Consider the following puzzle:
Calculate the volume of a tetrahedron enclosed by the following 4 planes
$$a_1x+b_1y+c_1z+d_1=0\\a_2x+b_2y+c_2z+d_2=0\\a_3x+b_3y+c_3z+d_3=0\\a_4x+b_4y+c_4z+d_4=0$$
The easiest way to calculate this volume is by applying a linear transformation to the tetrahedron where the planes of the tetrahedron align to the coordinate planes.

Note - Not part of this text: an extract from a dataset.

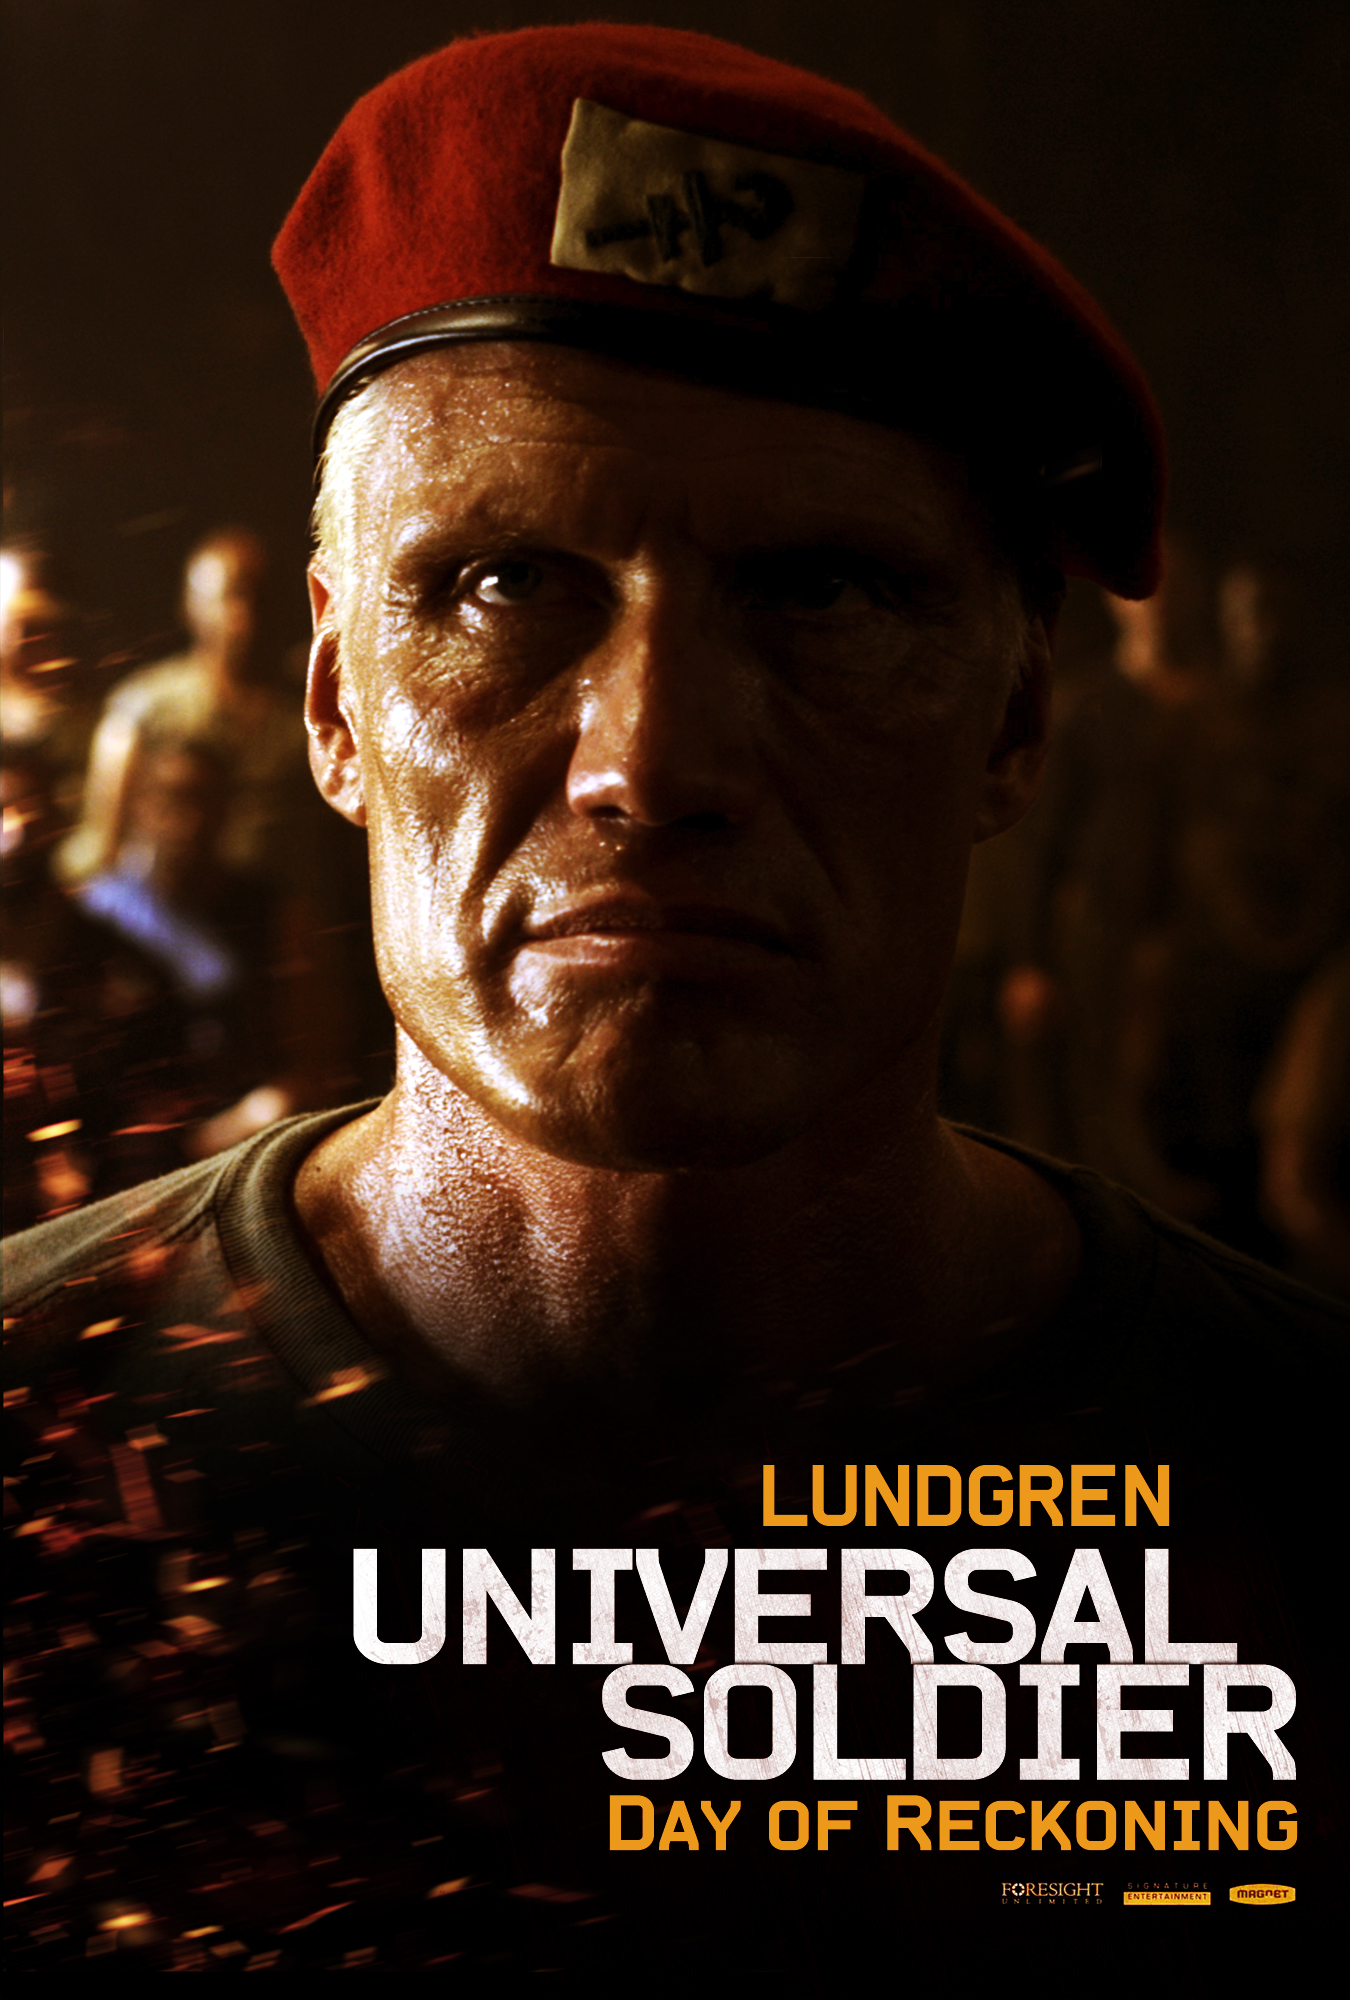 Universal Soldier Day of Reckoning Lundgren   Reggie's ...

It is impossible to find a purely linear transformation that does this, as all linear transformations project the origin, to the origin, but it is possible to find a linear transformation, followed by a translation, to do this. As translations do not change the volume, this will not pose any unsolvable issues.
An example of such a transformation is
$$u=a_1x+b_1y+c_1z+d_1\\v=a_2x+b_2y+c_2z+d_2\\w=a_3x+b_3y+c_3z+d_3$$
To find the transformation of a given plane, one has to add the equation of the plane to the system of equations of the transformation. For example, for the first plane this becomes:
$$u=a_1x+b_1y+c_1z+d_1\\v=a_2x+b_2y+c_2z+d_2\\w=a_3x+b_3y+c_3z+d_3\\0=a_1x+b_1y+c_1z+d_1$$
Or solved: $u=0$. So the first plane matches the $vw$-plane.
This is analog for the two next planes, but things become interesting for the last plane, where the system becomes:
$$u=a_1x+b_1y+c_1z+d_1\\v=a_2x+b_2y+c_2z+d_2\\w=a_3x+b_3y+c_3z+d_3\\0=a_4x+b_4y+c_4z+d_4$$
Now, in our $uvw$ space, we have a tetrahedron enclosed by the coordinate planes, and a 4th plane that is the solution of the above equation. Tetrahedra enclosed by all 3 coordinate planes have the following vertices: $$(0,0,0), (u,0,0), (0,v,0), (0,0,w)$$ Each of these points can be found by solving the system of equations of 3 of the 4 planes.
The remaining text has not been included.